И вот все чужие руки отстраняются от сына природы. Рушатся мосты между Византией и Марселем, между Александрией и Римом; робкий купец спешит домой; соединявший страны корабль лежит без мачт на берегу. Пустыня вод и гор, мрак диких нравов вплотную подступают к вратам Европы, вся эта часть света отныне заперта.

Начинается длительная, тяжёлая и примечательная борьба: грубый германский дух борется с соблазнами нового неба, с новыми страстями, со спокойной силой примера, с наследием повергнутого Рима, который на новой родине всё ещё расставляет ему тысячи сетей. И горе преемнику какого-нибудь Клодиона, если он на властительском подиуме Траяна возомнит себя Траяном! Тысячи клинков сверкнут, чтобы напомнить ему о скифских дебрях. Бурно сталкивается властолюбие со свободой, упрямство с твёрдостью, хитрость стремится опутать доблесть, воскресает жестокое право сильного, и веками не остывает дымящаяся сталь.
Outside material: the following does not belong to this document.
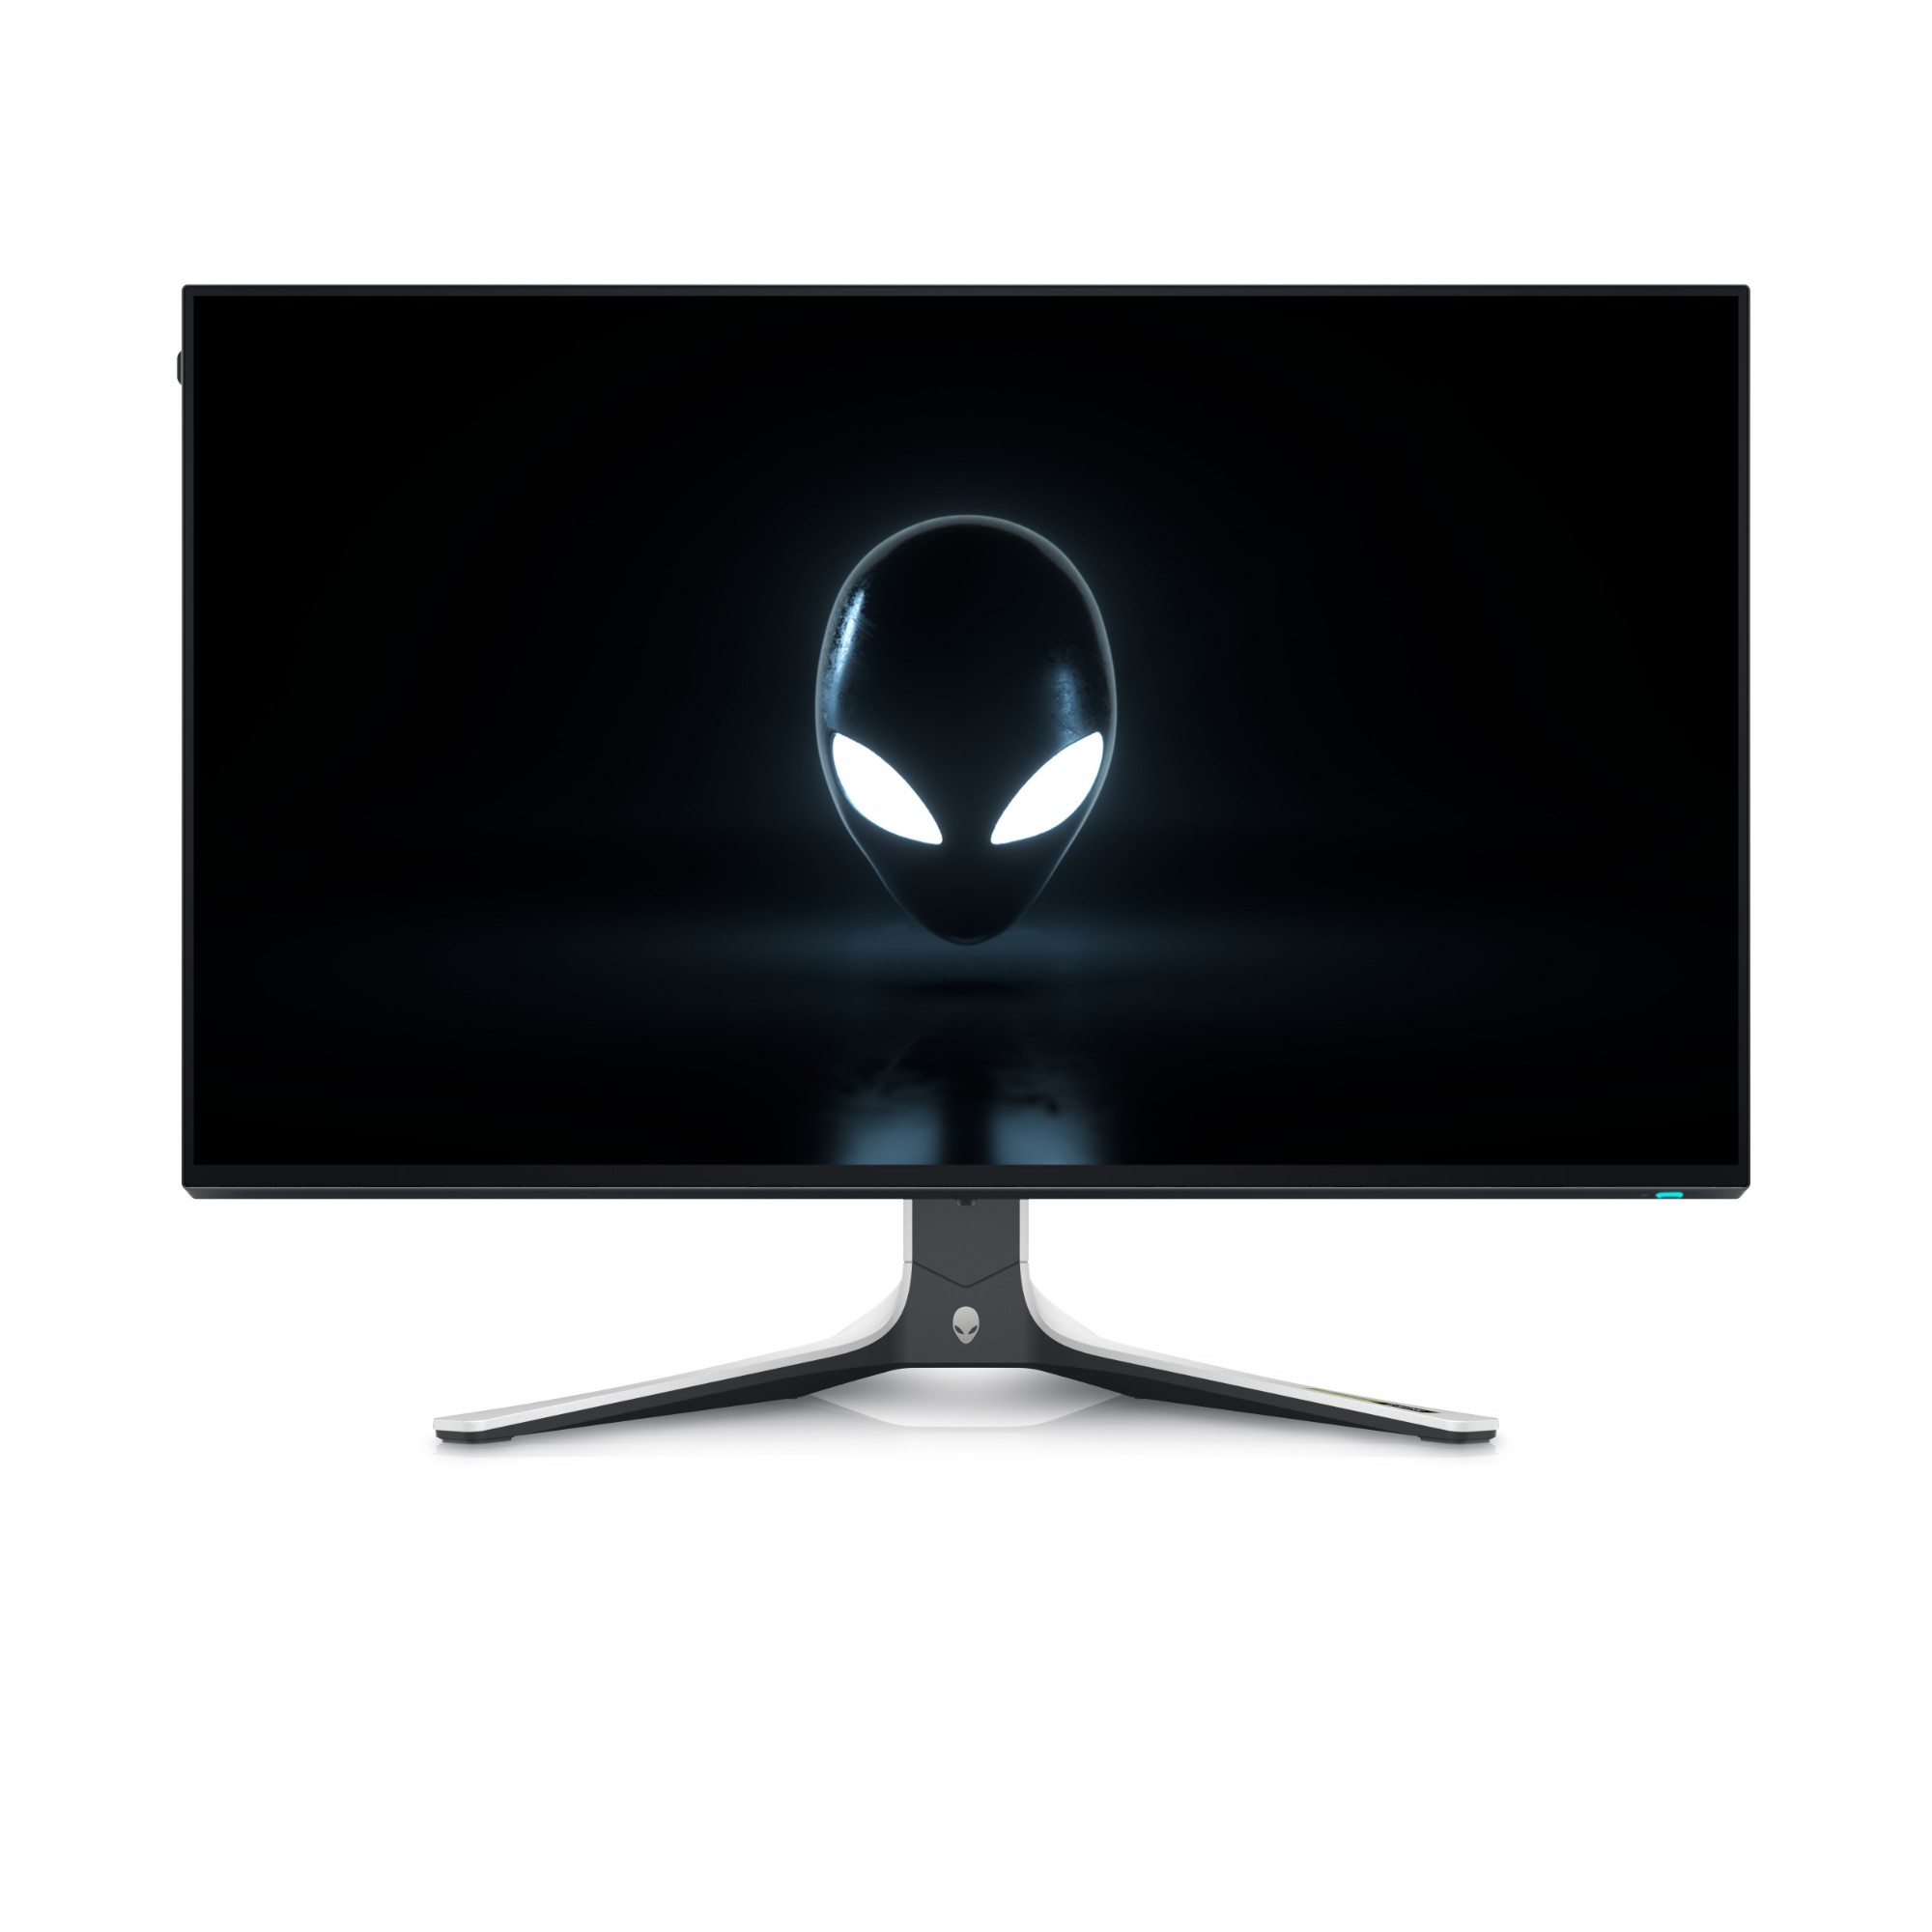 GAME-AW2723DF DELL Alienware 27 Gaming Monitor - AW2723DF - 68.47cm - Flat Screen - 68.47 cm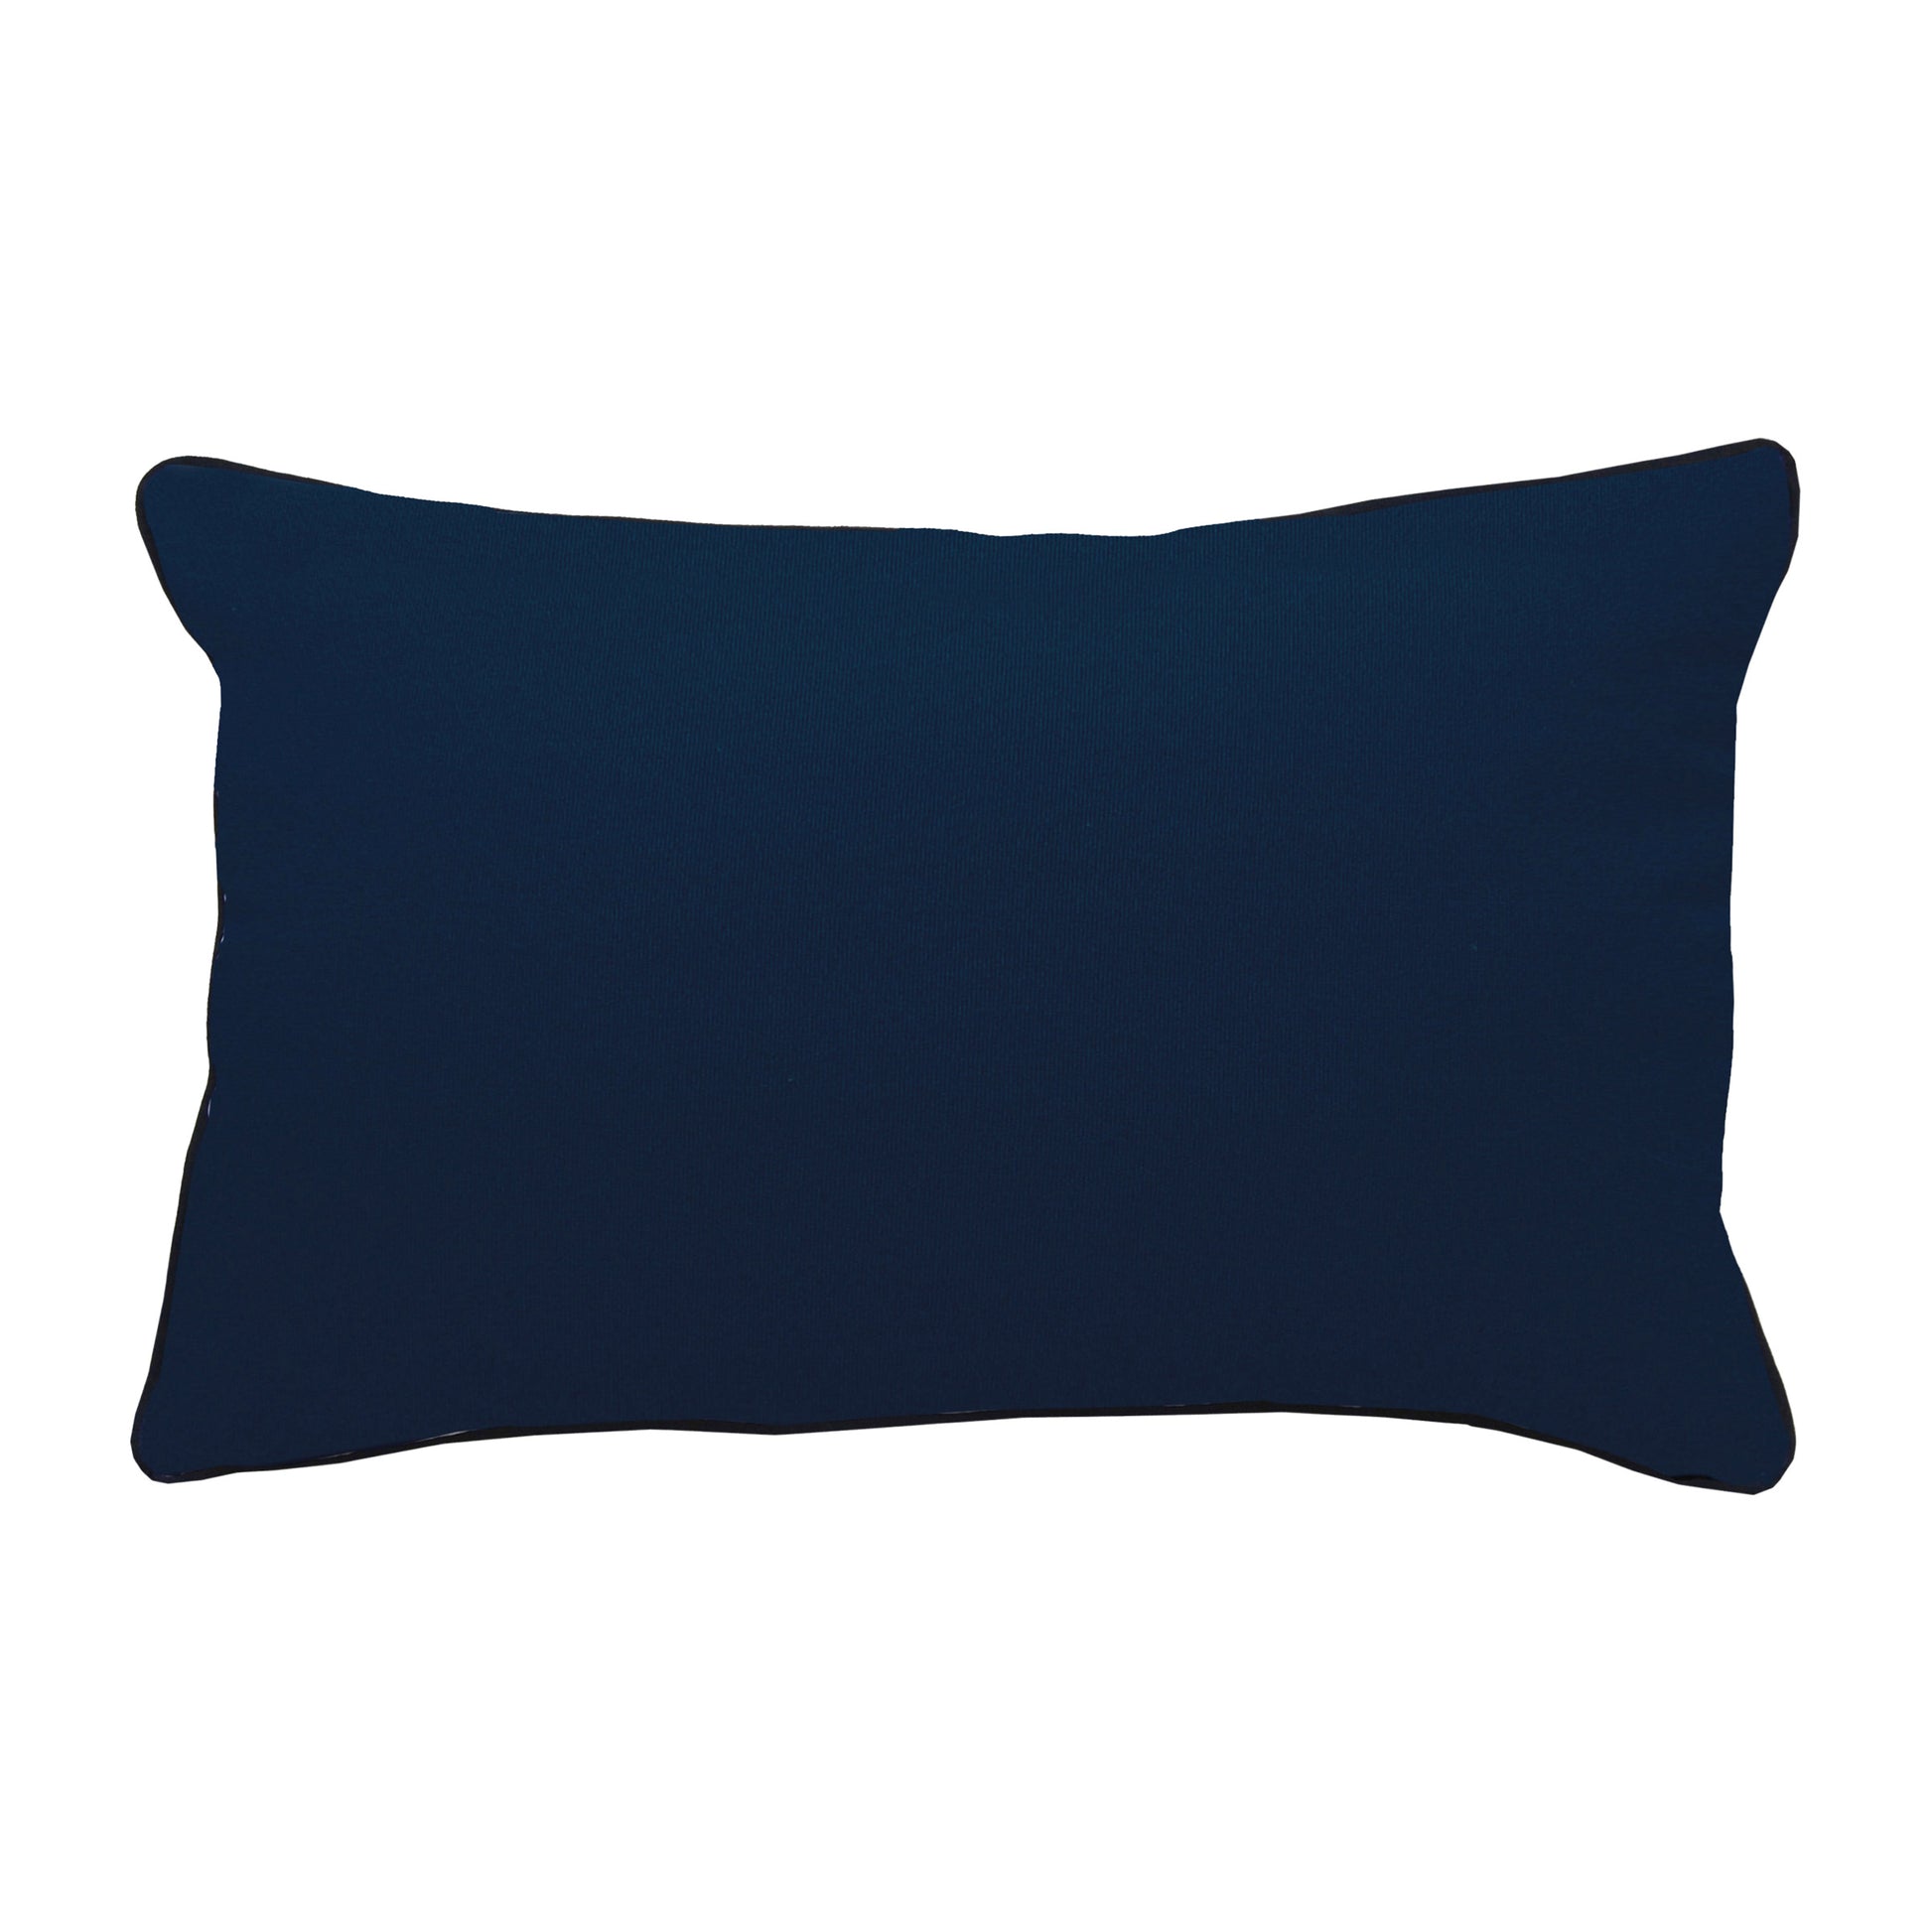 Solid navy fabric; the back of the Geo Pattern Nautical pillow.

Унылая ночь, помрачающая все умы, нависла над Европой. Лишь изредка взлетают светлые искры, и тьма после них кажется ещё ужаснее. Вечный порядок как будто покинул кормило вселенной или же, преследуя какую-то дальнюю цель, отрёкся в те времена от людей. Всё же, подобно матери, равно пекущейся о всех своих детях, он пока даёт изнемогающим приют у подножья алтарей и смирением веры закаляет сердца против мытарств, избавить от которых не может. Нравы он поручает охране одичавшего христианства и позволяет среднему поколению опираться на тот шаткий костыль, который, разломав его, отнимет у более сильного внука. Но в этой долгой войне распаляются и государства и жители. Стойко защищается немецкий дух от сковывающего сердца деспотизма, который подавил слишком рано уставшего римлянина; родник свободы бьёт животворной струёй, неукрощённым и сохранным достигает более позднее поколение той прекрасной поры, когда, наконец, благодаря дружным стараниям Счастья и Человека свет мысли соединится с мощью решимости, прозорливость — с геройством. Когда Рим ещё рождал Сципионов и Фабиев, ему не хватало мудрецов, которые указали бы их добродетели достойную цель. Когда же блистали его мудрецы, деспотизм уже задушил свою жертву, и во времена всеобщей расслабленности их появление не возымело благотворного действия. Также и греческая добродетель не сохранилась до светлых времён Перикла и Александра, а когда Гарун учил мыслить своих арабов, жар их сердец уже остыл. Новую Европу бдительно охранял более счастливый гений. Долгие вооружённые распри средних веков дали шестнадцатому веку здоровое, сильное поколение и воспитали могучих бойцов, которые сражаются во имя разума, подъявшего теперь свой стяг.